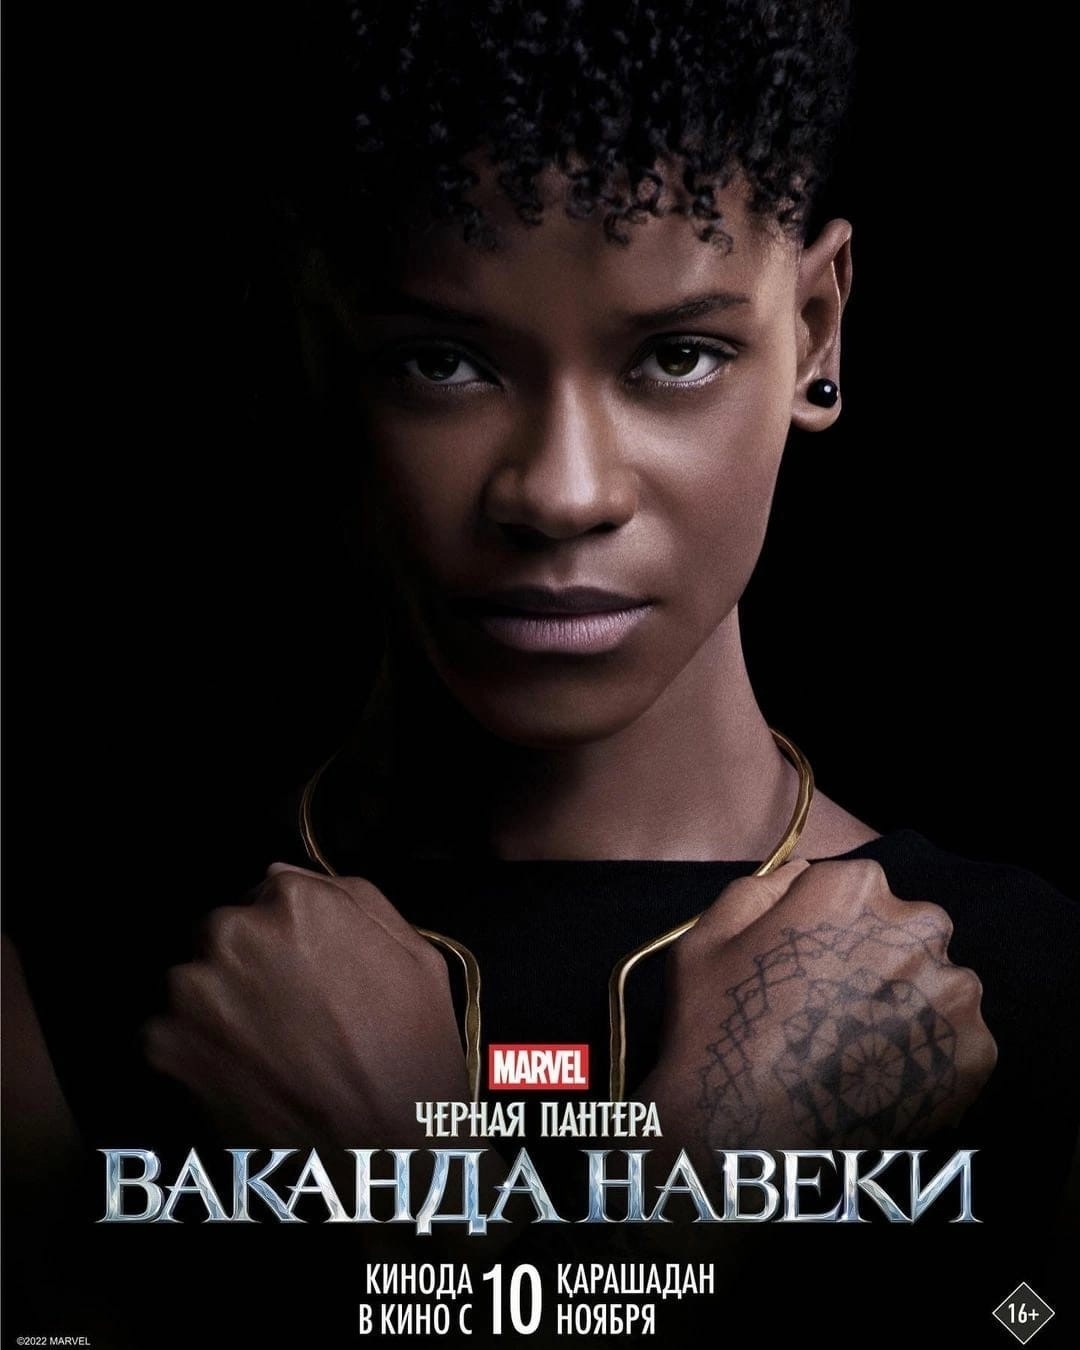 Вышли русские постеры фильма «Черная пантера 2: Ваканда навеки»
^^^^^^^^
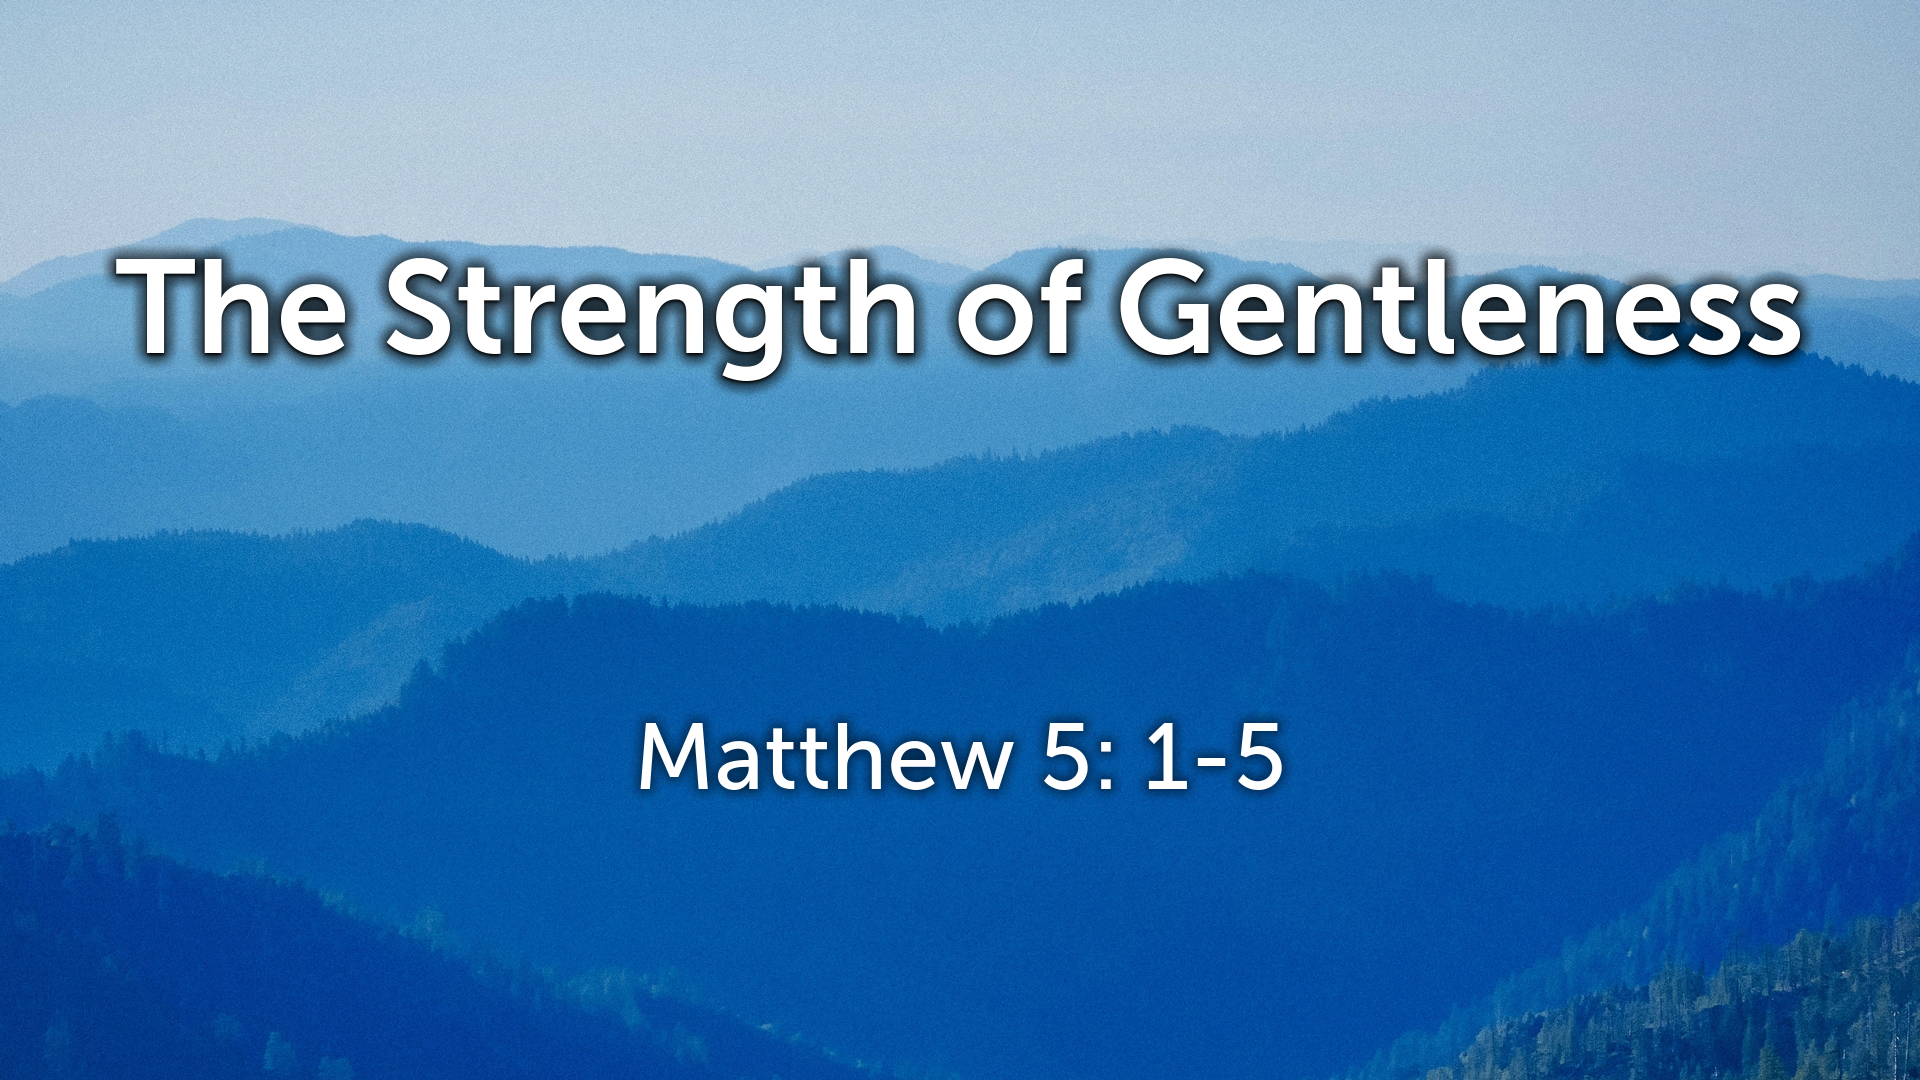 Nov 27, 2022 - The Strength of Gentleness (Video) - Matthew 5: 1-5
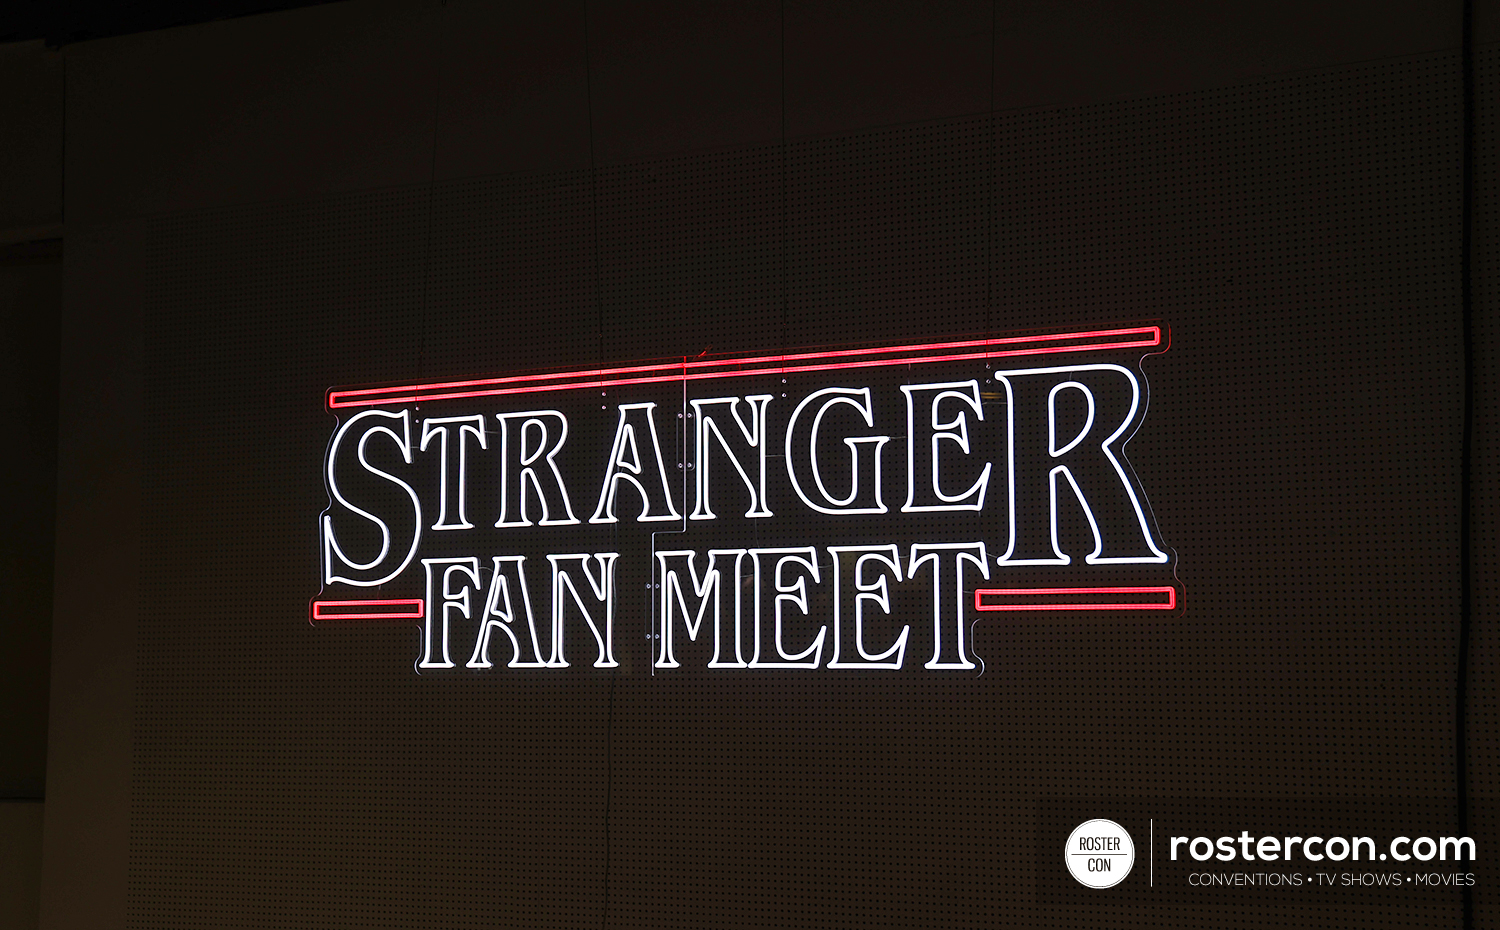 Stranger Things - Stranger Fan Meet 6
^^^^^^^^
Exercise details: Starting with the line above that holds "Nov 27, 2022", restate each line word for word up to and including the line that holds "Stranger Things - Stranger Fan Meet 6". Drop the pictures.

Result of the task:
 Nov 27, 2022 - The Strength of Gentleness (Video) - Matthew 5: 1-5
 Stranger Things - Stranger Fan Meet 6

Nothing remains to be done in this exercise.